Viral load failure rate is about 20% in this patient cohort at both the first and second measurements. Ensemble techniques generally outperformed other methods. For predicting viral failure at the first follow up measure, specificity was over 90% for these methods, but sensitivity was typically in the 50-60% range. Predictive accuracy was greater for the second follow up measure, with sensitivities over 80%. Super Learner, gradient boosting and Bayesian additive regression trees consistently outperformed other methods. For a viral failure rate of 20%, the positive predictive value for the top-performing methods is between 75 and 85%, while the negative predictive value is over 95%.
Evidence from this study suggests that machine learning techniques have potential to identify patients at risk for viral failure prior to their scheduled measurements. Ultimately, prognostic virologic assessment can help guide the administration of earlier targeted intervention such as enhanced drug resistance monitoring, rigorous adherence counseling, or appropriate next-line therapy switching. External validation studies should be used to confirm the results found here.
当抗逆转录病毒疗法未能将患者的病毒载量抑制并维持在每毫升低于1000拷贝的病毒核糖核酸水平时,就会发生人类免疫缺陷病毒(HIV)病毒治疗失败。对于那些新诊断出感染HIV且生活在医疗资源有限的地区(如低收入和中等收入国家)的人,世界卫生组织建议在开始抗逆转录病毒治疗六个月后进行病毒载量监测,此后每年监测一次。在发生病毒治疗失败的情况下或根据临床医生的判断,可以偏离此时间表。未能及时检测到病毒治疗失败可能导致必要干预措施的延迟实施。基于患者病历中可用信息的临床预测模型正在越来越多地被开发和应用于临床医学和公共卫生的决策支持。这增加了一种可能性,即预测模型可用于在病毒测量之前提前检测病毒治疗失败的可能性,特别是当这些测量不经常进行时。

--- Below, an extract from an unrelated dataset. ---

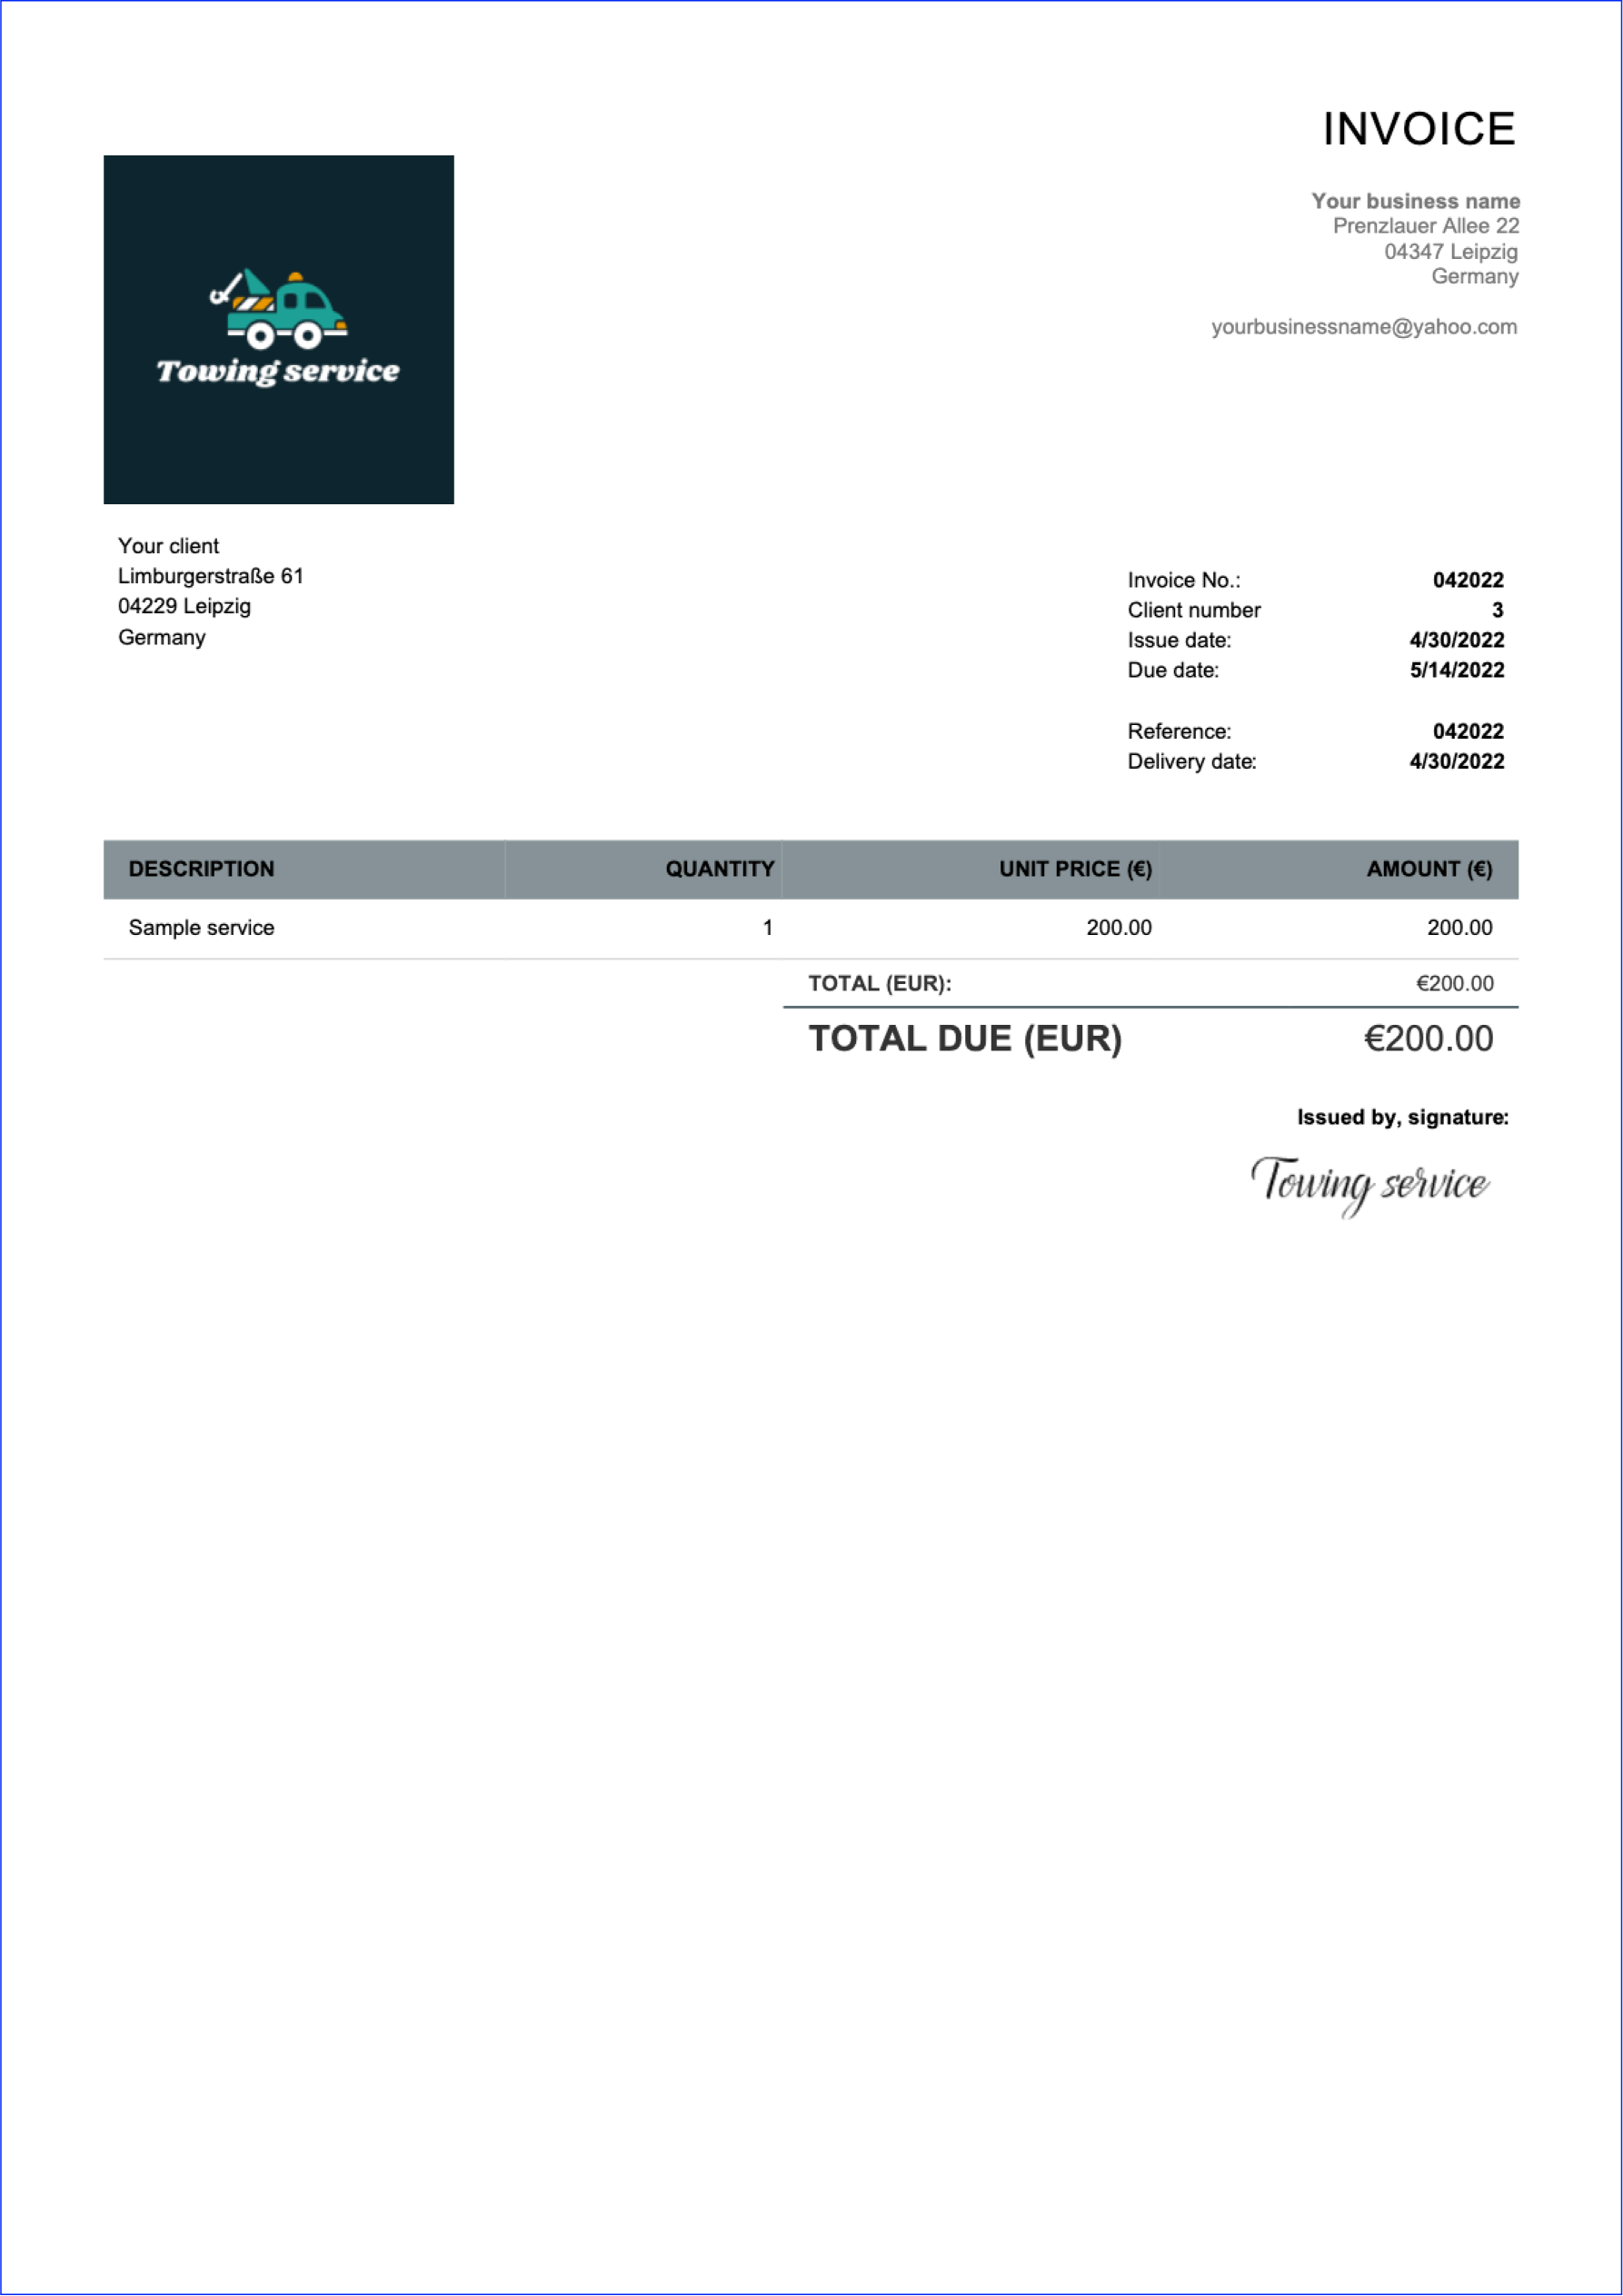 templates for invoices free excel

我们的目标是使用来自肯尼亚一个大型HIV护理项目的电子健康记录数据,来描述和比较几种统计机器学习方法在预测抗逆转录病毒治疗开始后的第一次和第二次测量时病毒治疗失败的预测准确性。预测准确性通过敏感性、特异性和受试者操作特征曲线下面积来衡量。
我们在肯尼亚西部“提供医疗服务学术模型”(Academic Model Providing Access to Healthcare)护理项目中超过10000名患者的数据上训练并交叉验证了10种统计机器学习模型和算法。这些方法包括参数法、非参数法、集成法和贝叶斯方法。输入变量包括从临床记录中挑选出的50项内容,这些内容是在与临床专家协商后精心挑选的。使用10折交叉验证来计算预测准确性指标。

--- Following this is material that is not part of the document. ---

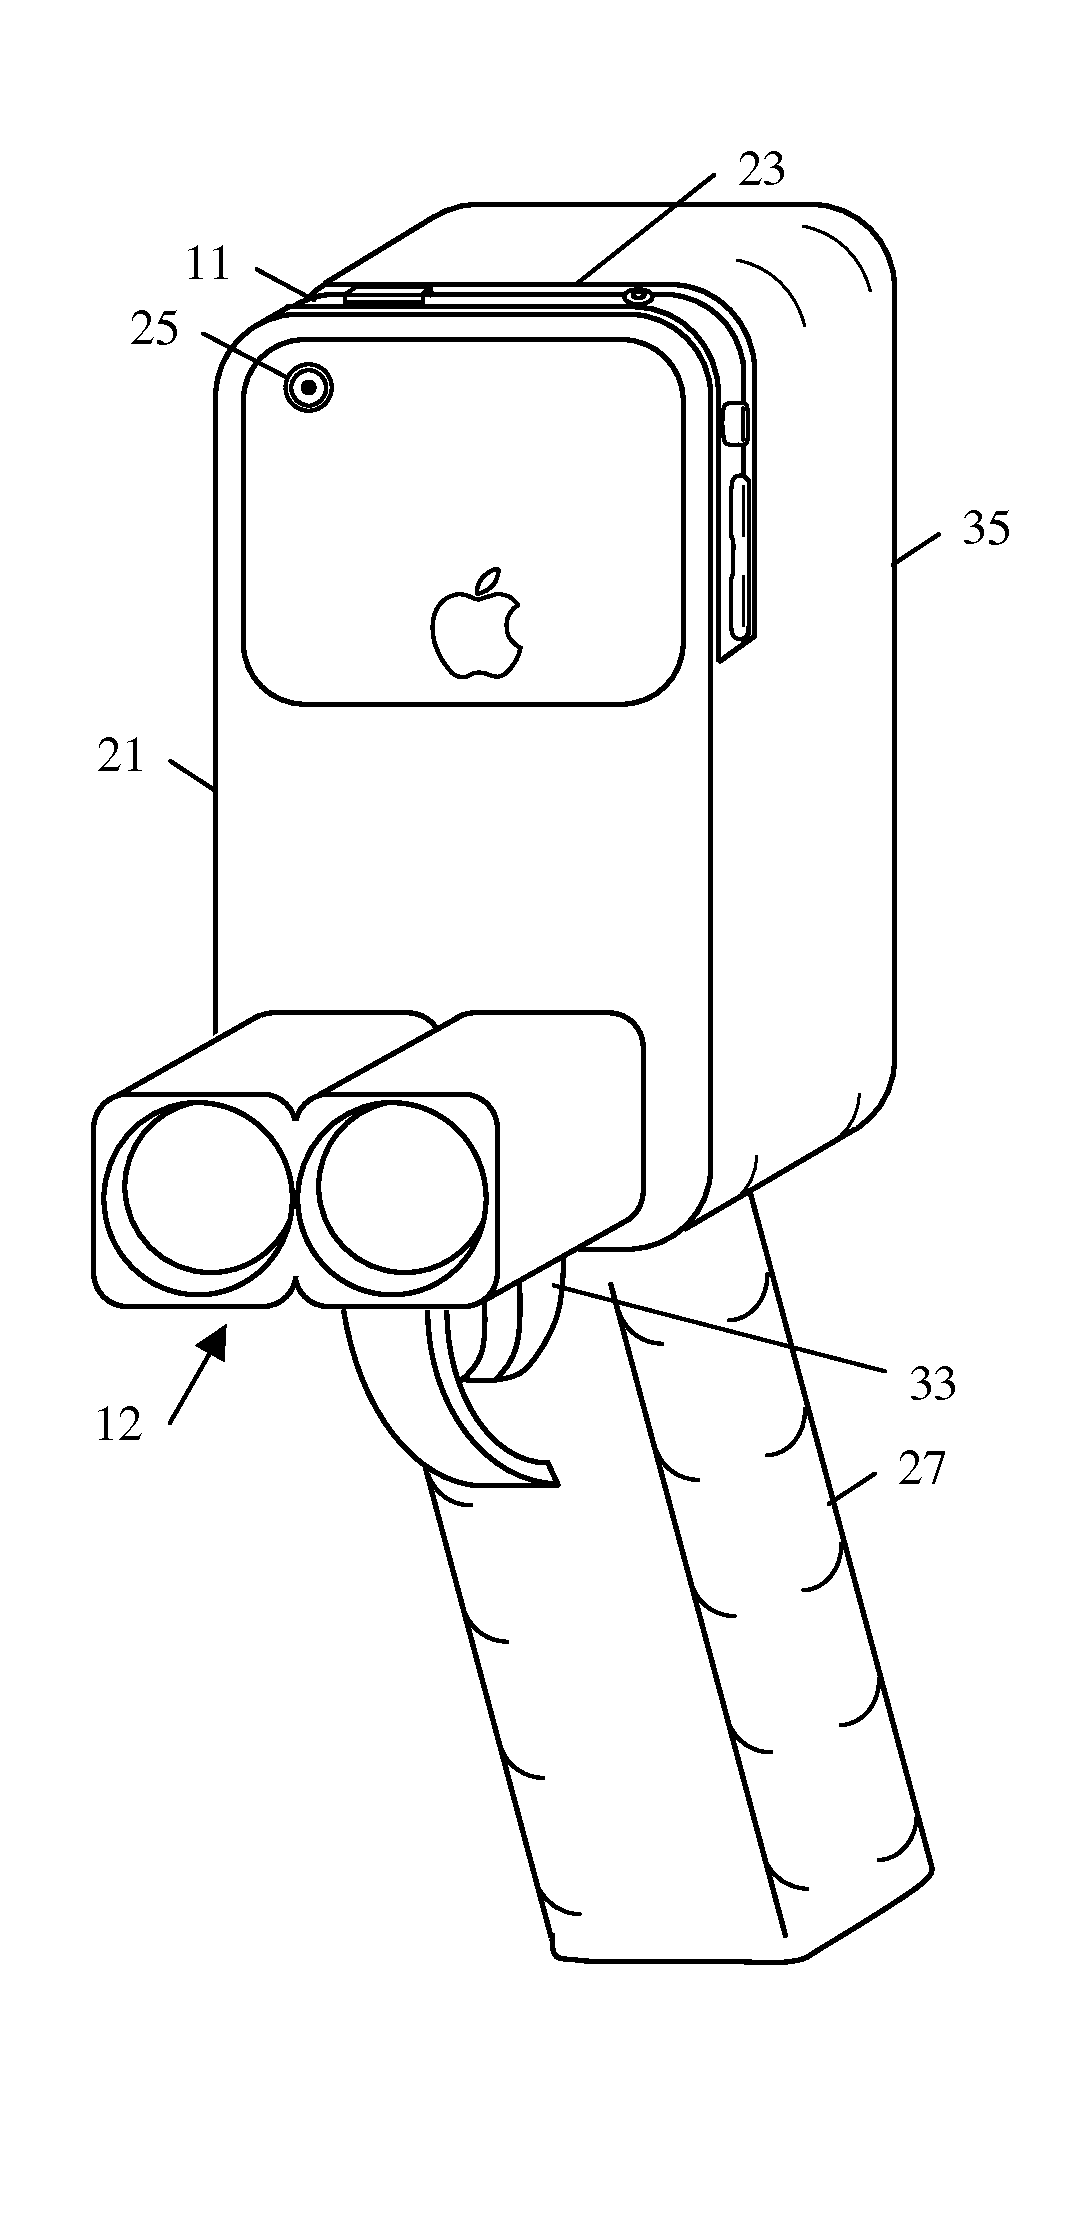 Display, Device, Method, and Computer Program for Indicating a Clear Shot

在这个患者队列中,第一次和第二次测量时的病毒载量失败率约为20%。集成技术通常优于其他方法。对于预测第一次随访测量时的病毒治疗失败,这些方法的特异性超过90%,但敏感性通常在50 - 60%的范围内。第二次随访测量的预测准确性更高,敏感性超过80%。超级学习器、梯度提升和贝叶斯加法回归树始终优于其他方法。对于20%的病毒治疗失败率,表现最佳的方法的阳性预测值在75%至85%之间,而阴性预测值超过95%。
这项研究的证据表明,机器学习技术有潜力在预定测量之前识别有病毒治疗失败风险的患者。最终,预后病毒学评估有助于指导更早地进行有针对性的干预,如加强耐药性监测、严格的依从性咨询或适当的二线治疗转换。应使用外部验证研究来证实此处发现的结果。